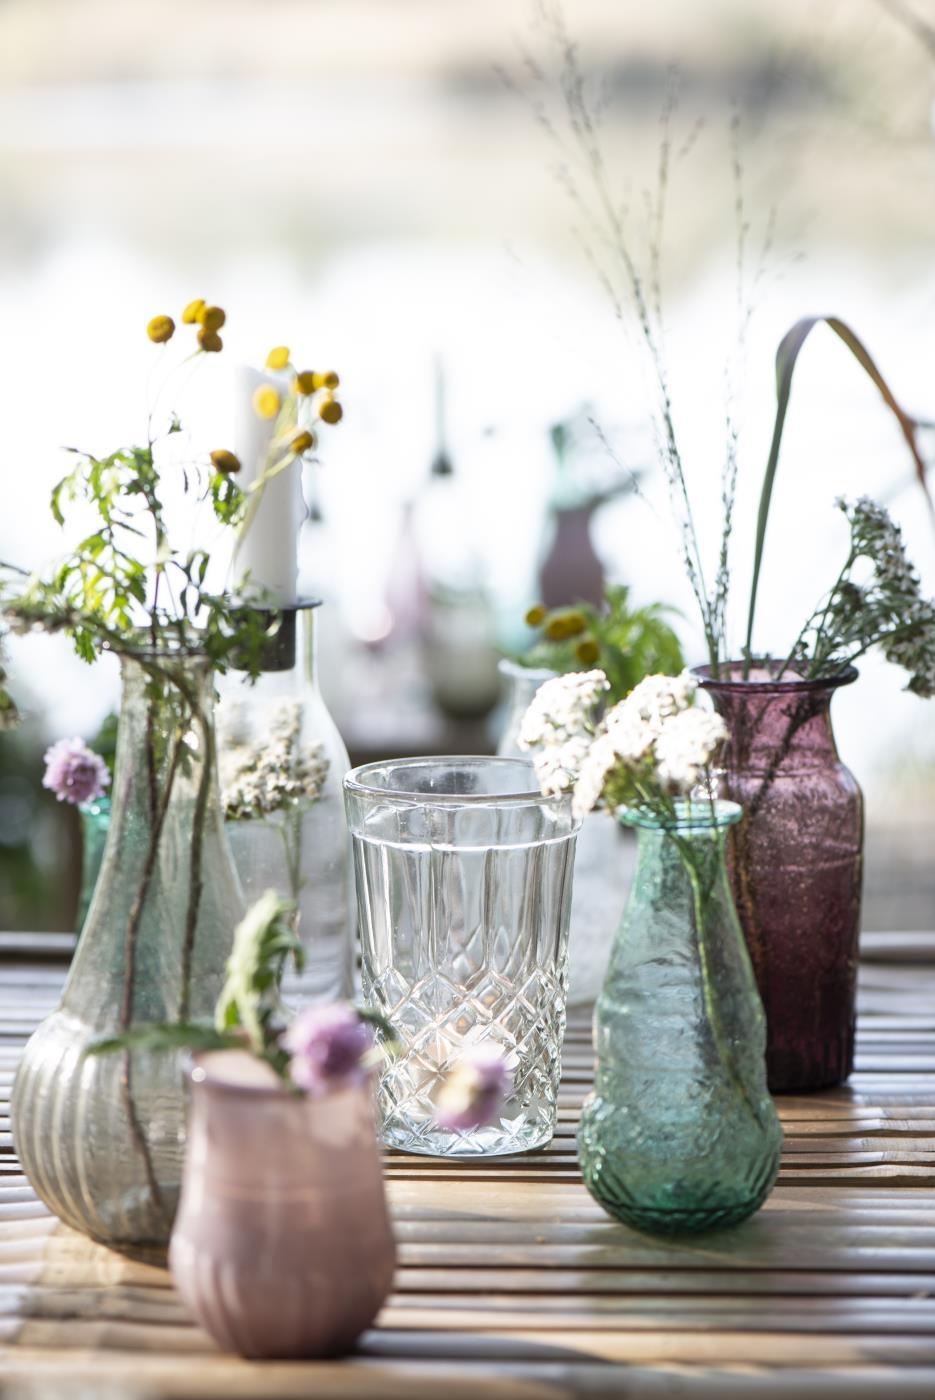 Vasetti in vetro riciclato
....................
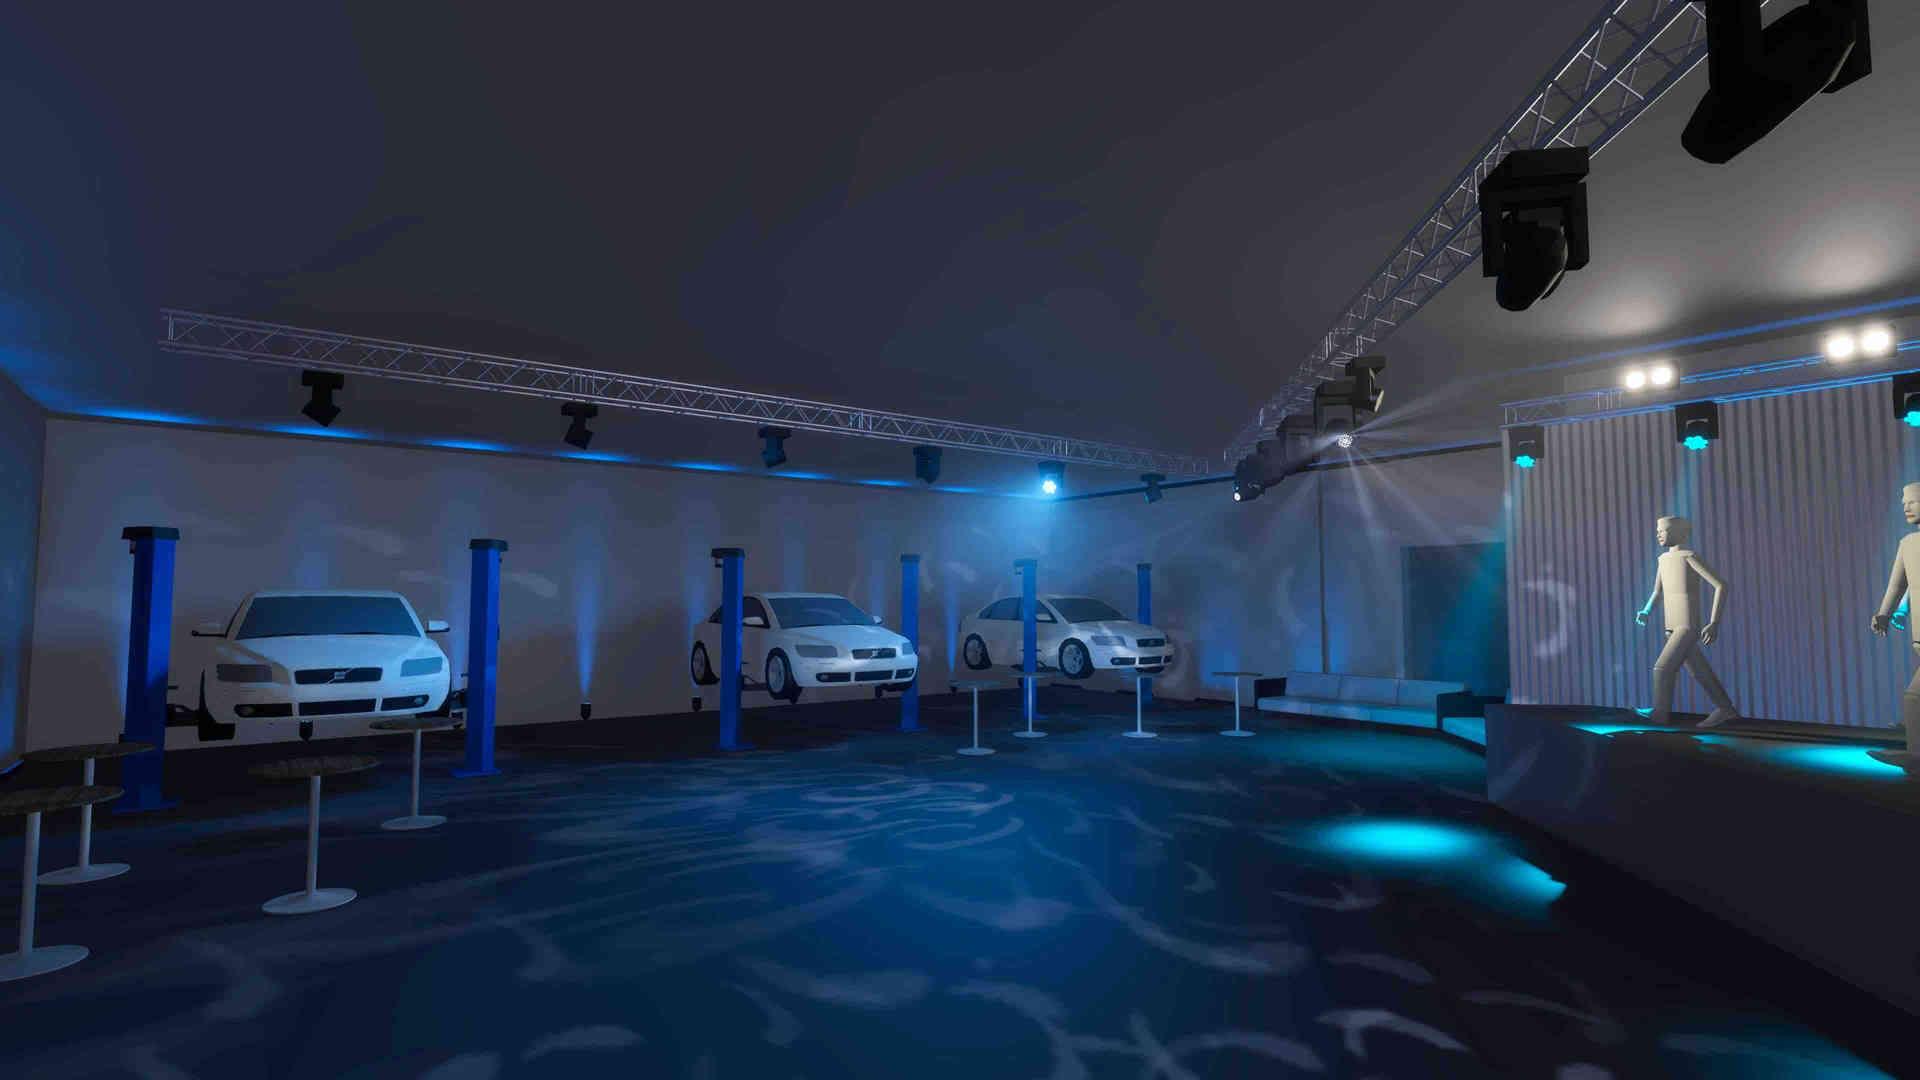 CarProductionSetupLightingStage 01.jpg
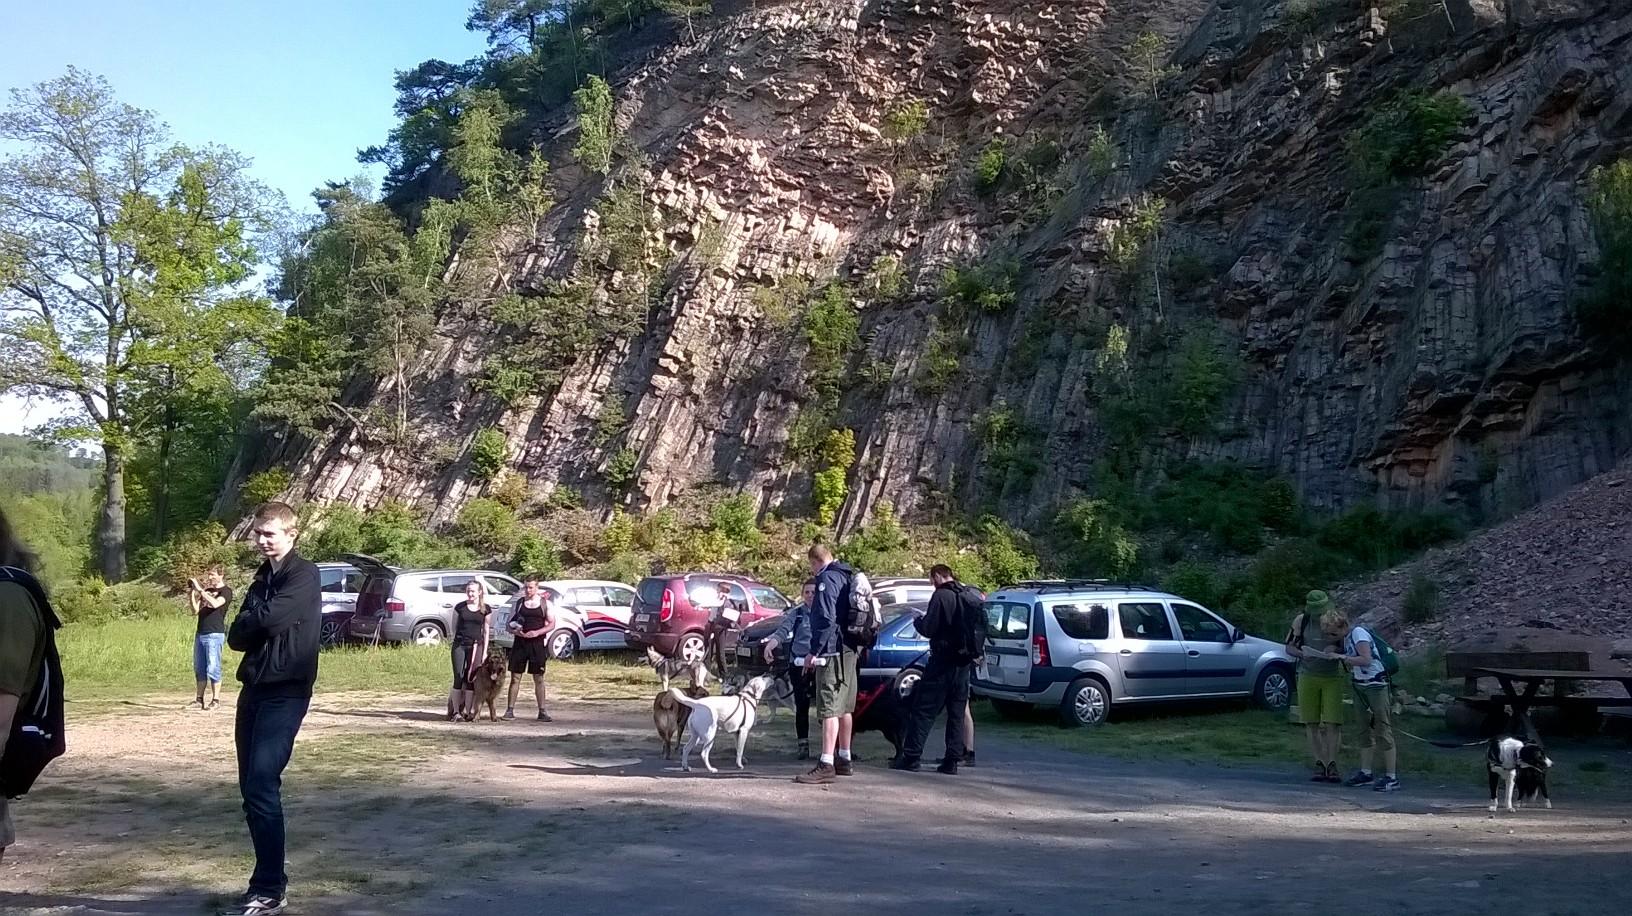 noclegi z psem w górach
....................
What to produce: In the data above, start at the line holding "CarProductionSetupLightingStage 01.jpg" and stop after the line holding "noclegi z psem w górach"; write out those lines exactly, without pictures.

Written answer:
 CarProductionSetupLightingStage 01.jpg
 noclegi z psem w górach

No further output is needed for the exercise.